Капитан Невельской - Задорнов Николай Павлович. Страница 126

Глава тринадцатая

МАНЬЧЖУРЫ

Невельского иногда винили в торопливости. Он думал часто о нескольких делах сразу. И сейчас он думал о том, что до морских гаваней ему в этом году нечего и мечтать добраться, уже поздно, а расстояния огромны, и что первого августа надо быть у Константиновского, придет топограф, и надо в залив Счастья. Всюду успеть надо, тысячу всяких вещей требовать в Аяне от Кашеварова. В то же самое время он думал, что Пехтерь и Зарин, верно, уж получили письма. «Пехтерь, очевидно, не станет делать тайны, тогда как я искренне писал, хотел извиниться». И в то же время он помнил, как Орлов с ним прощался, с каким-то неудовлетворением, что-то хотел, видно, сказать и не сказал. «А Екатерина Ивановна уж, верно, замужем…»

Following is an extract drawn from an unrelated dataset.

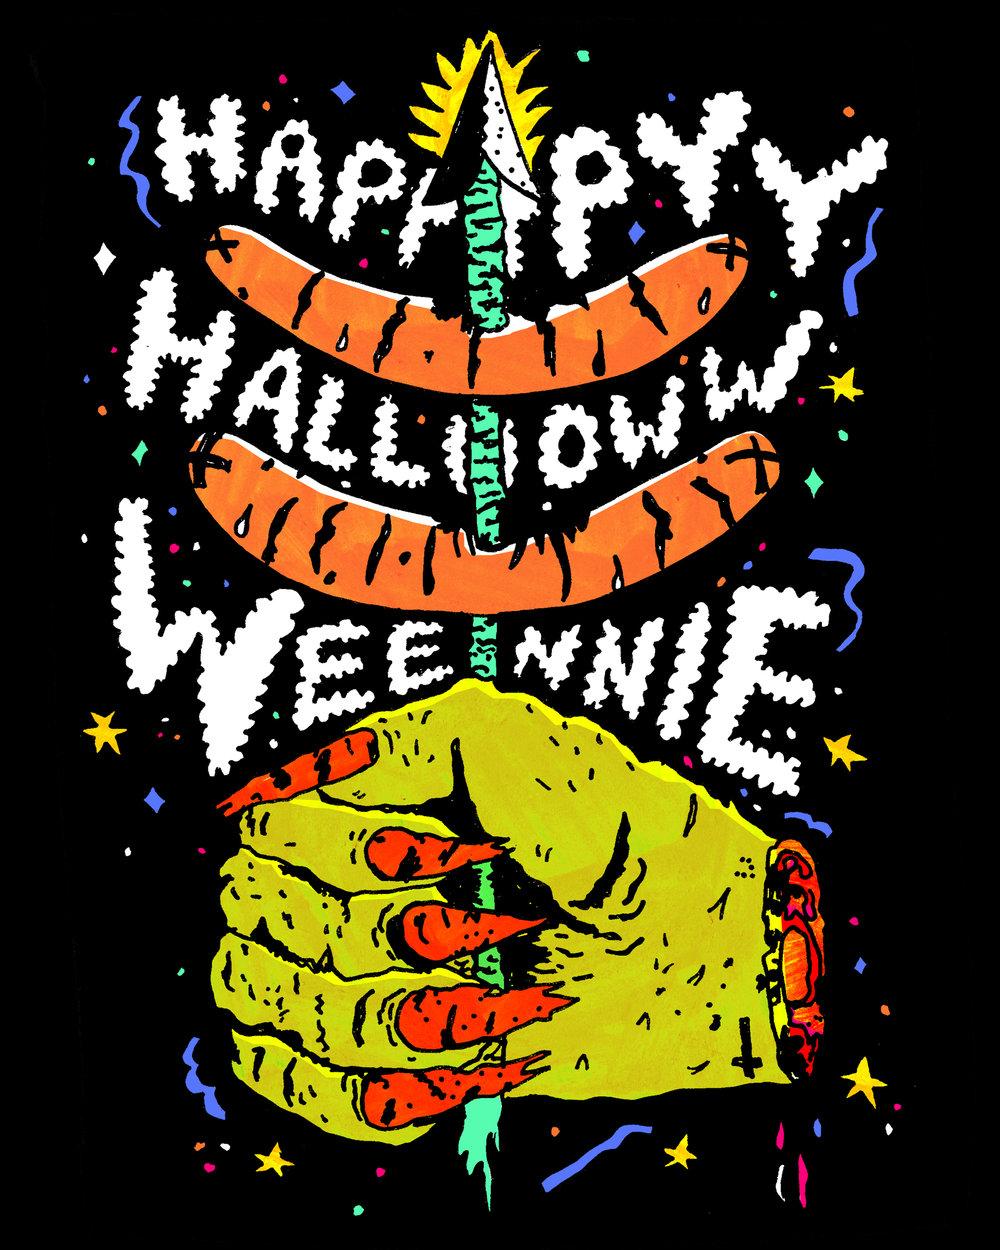 halloweenies.jpg
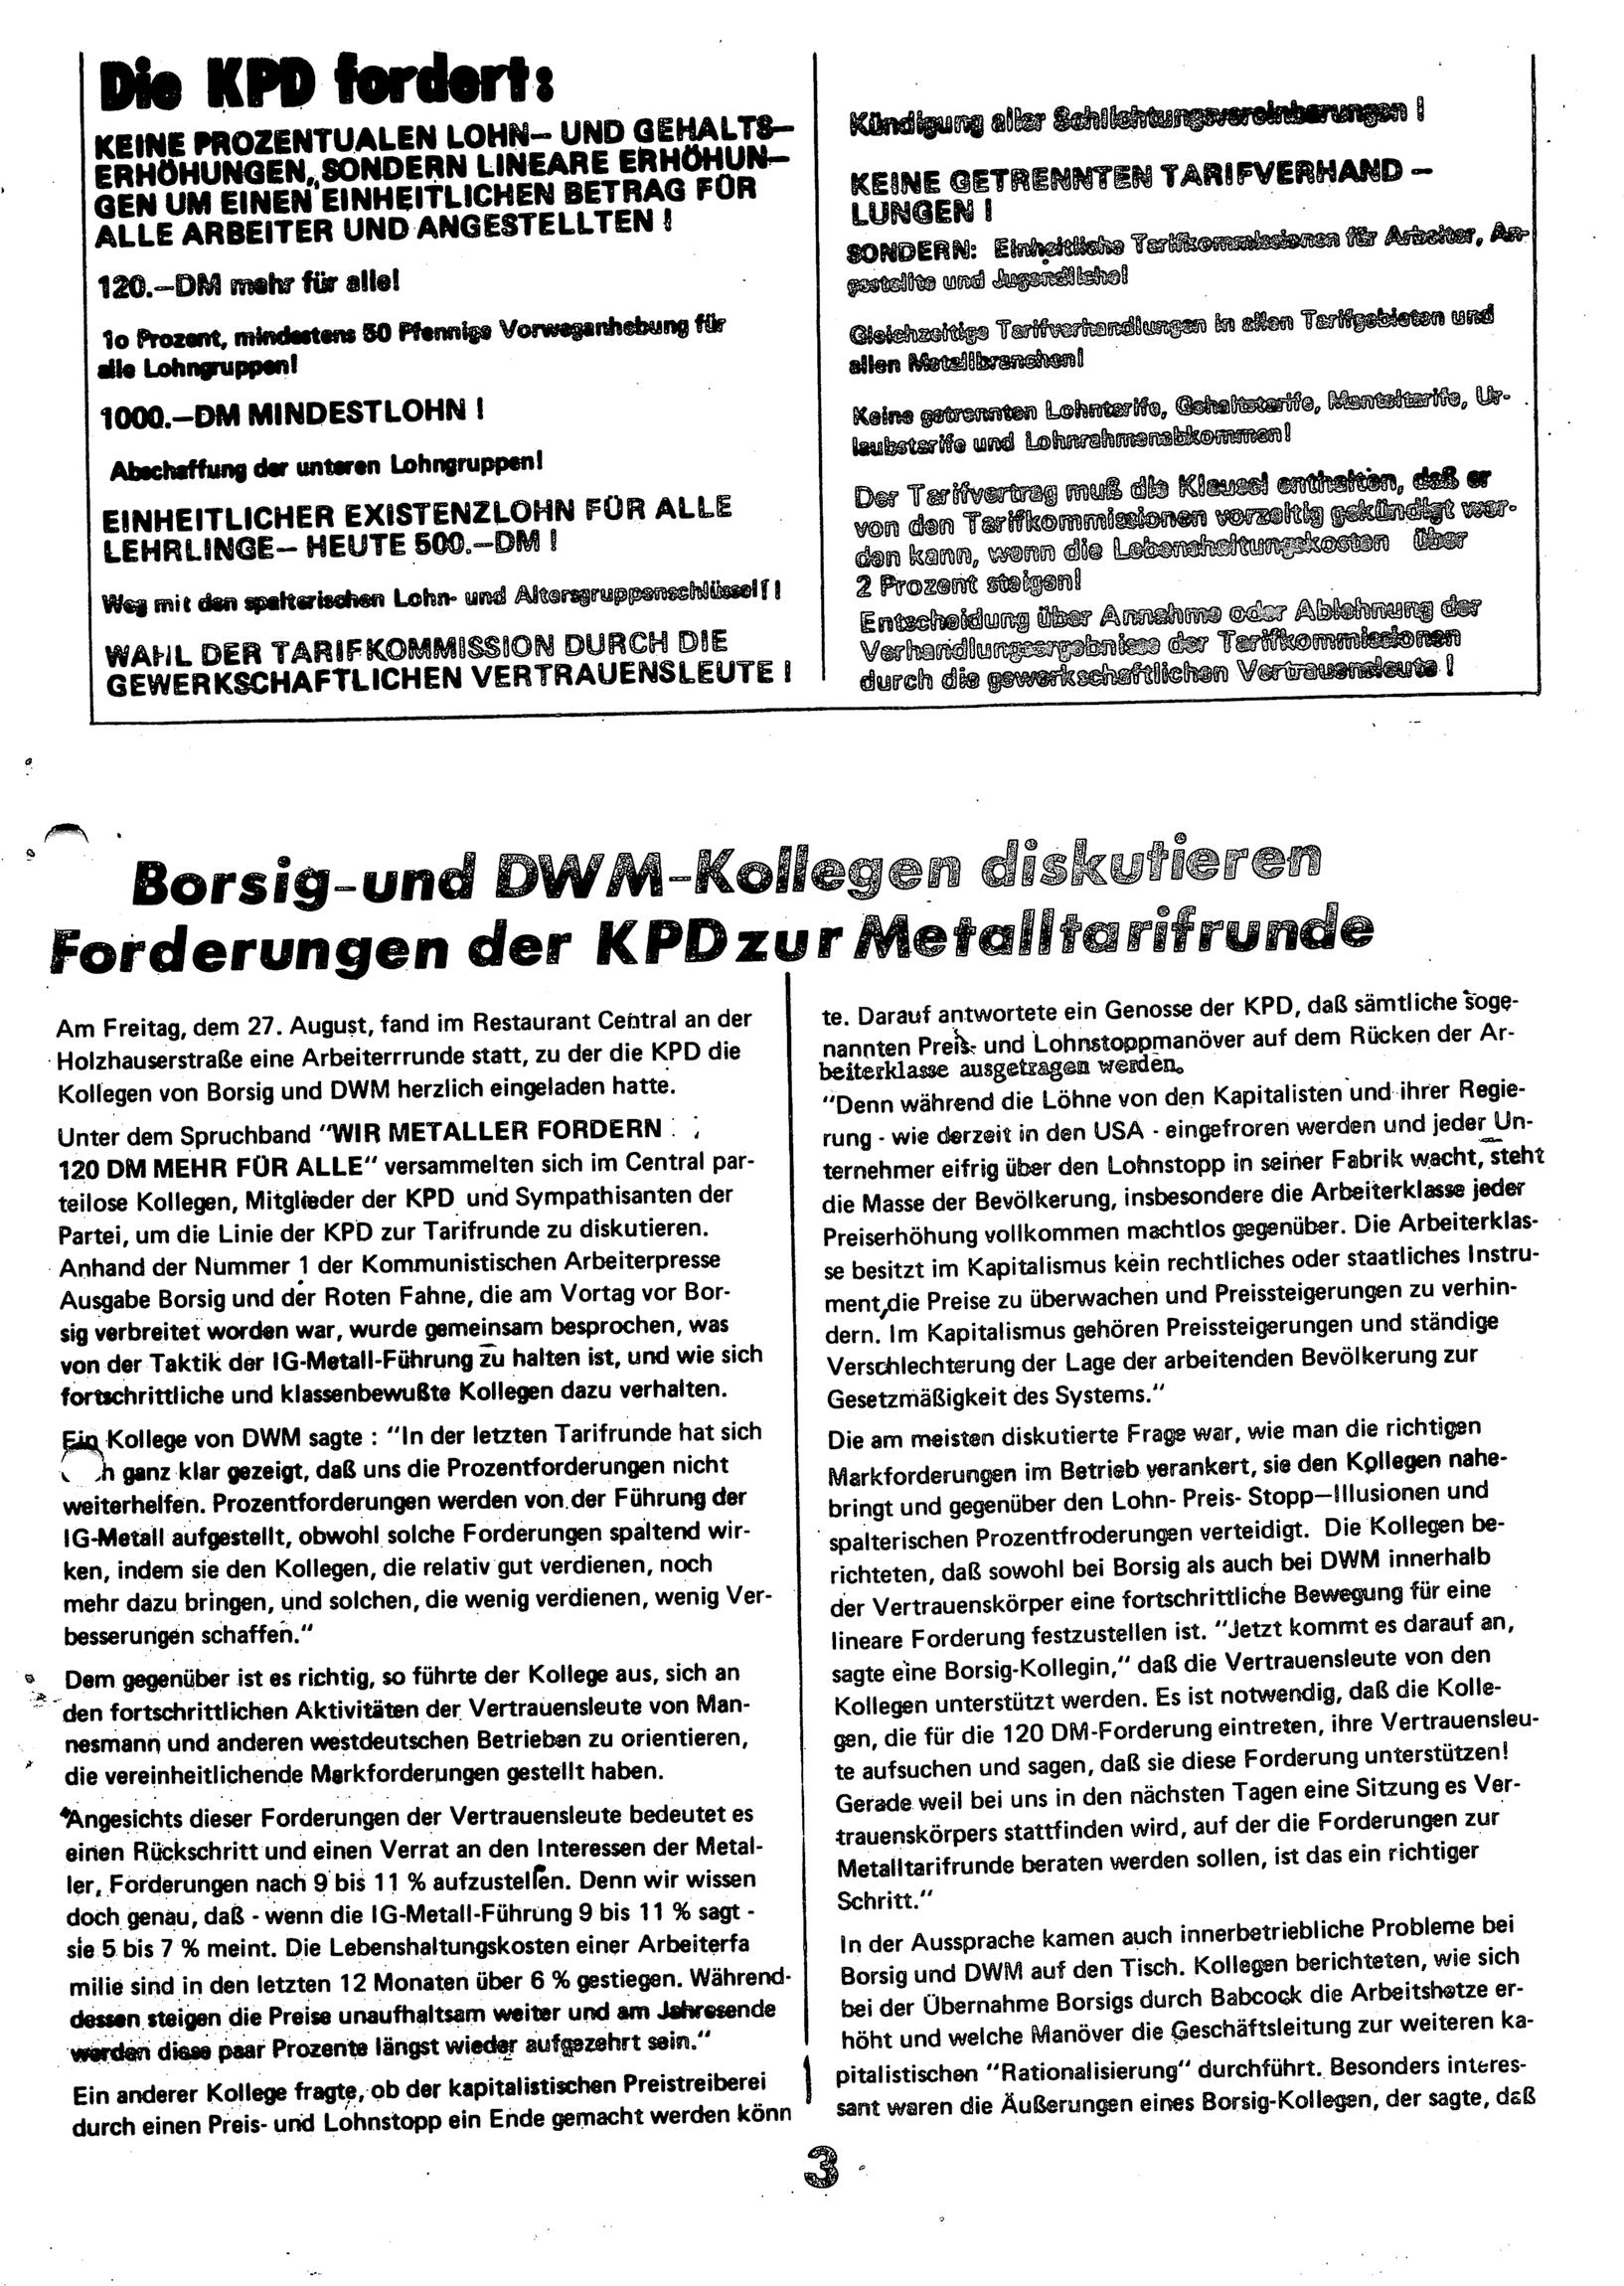 Berlin_Borsig304

— Маньчжуры! — вдруг испуганно воскликнул Чедано.

«Маньчжуры? — подумал капитан, очнувшись, как от сна, — а вот их-то мне и надо!»

— Где они?

Гиляк показал на берег. Деревня была близка. Она тянулась вдоль берега. Невельской навел трубу. На каждой крыше торчали по две неотесанные жерди, как рога. У берега виднелись большие мачтовые лодки, а на отмели чернела огромная толпа.

— Это не купцы, — сказал Позь тревожно. Он поглядел в лицо капитана.

— Братцы, суши весла! Ружья к бою! — приказал капитан. — Осмотреть все!

Когда все было готово, он приказал зарядить фальконет ядром, укрыть и его и ружья брезентом, выложить наверх красное сукно, ситец и товары.

— Весла на воду! Лево руля! — приказал капитан. — Прямо на деревню!

— Есть лево руля! Держать прямо на деревню! — повторил Козлов.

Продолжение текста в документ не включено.